Question

The numbers $6,8,10,12,13$ and x are arranged in ascending order. If the mean of the observations is equal to the median, find the value of x.

Answer 1

Hint: In this question, we are given 6 numbers out of which one has to be found. We are also told that the mean of the numbers is equal to their median. So, first find the median- it will be the average of the middle two terms.

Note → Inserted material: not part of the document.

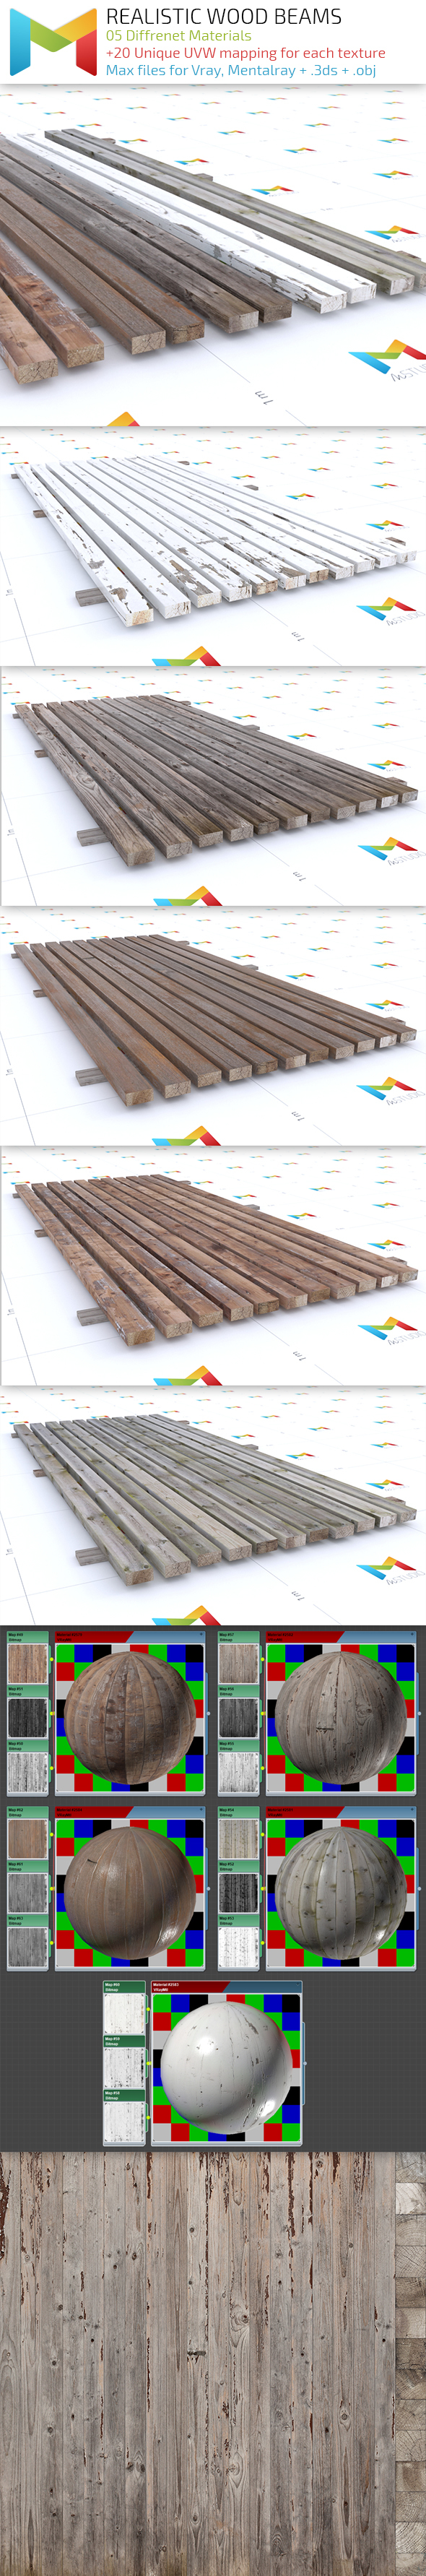 Realistic Wood Beams - 3Docean 13783955

Then we will find the mean in terms of x using the formula $\dfrac{{{\text{Sum of the observations}}}}{{{\text{Total observations}}}}$. Then we will equate the median and mean and then solve to find x.

Complete step-by-step solution:
We are given six numbers out of which one has to be found and we have been told that the mean of these observations is equal to their median.
Let us find the mean of the observations in terms of x using the formula-
$ \Rightarrow $ Mean = $\dfrac{{{\text{Sum of the observations}}}}{{{\text{Total observations}}}}$
Putting the values given in the question,
$ \Rightarrow $ Mean = $\dfrac{{6 + 8 + 10 + 12 + 13 + x}}{6}$
$ \Rightarrow $ Mean = $\dfrac{{49 + x}}{6}$ …………….... (1)
Now, let us find the median.
As we can see that there are six observations that are even numbers of terms. The average of the two middle most terms will be the median. The terms will be –
${\left( {\dfrac{n}{2}} \right)^{th}}$ and ${\left( {\dfrac{n}{2} + 1} \right)^{th}}$ term, where $n = 6$.
Therefore, the average of \[{3^{rd}}\] and ${4^{th}}$ term will be considered.
\[{3^{rd}}\] term = 10, ${4^{th}}$ term = 12
$ \Rightarrow $ Median = $\dfrac{{10 + 12}}{2} = \dfrac{{22}}{2} = 11$
Therefore, median = 11 …. (2) $ \Rightarrow 11 \times 6 - 49 = x$
Now, since it is given that mean is equal to the median, we will equate equation (1) and (2).
$ \Rightarrow 11 = \dfrac{{49 + x}}{6}$
Shifting to find the value,
$ \Rightarrow 11 \times 6 - 49 = x$
$ \Rightarrow 66 - 49 = x = 17$
$\Rightarrow $ The value of $x = 17$.

The value of x is equal to 17.

Note: While calculating median, we have used the average of ${\left( {\dfrac{n}{2}} \right)^{th}}$ and ${\left( {\dfrac{n}{2} + 1} \right)^{th}}$ term because there are even number of observations. If there had been an odd number of observations, the median would be ${\left( {\dfrac{{n + 1}}{2}} \right)^{th}}$ term.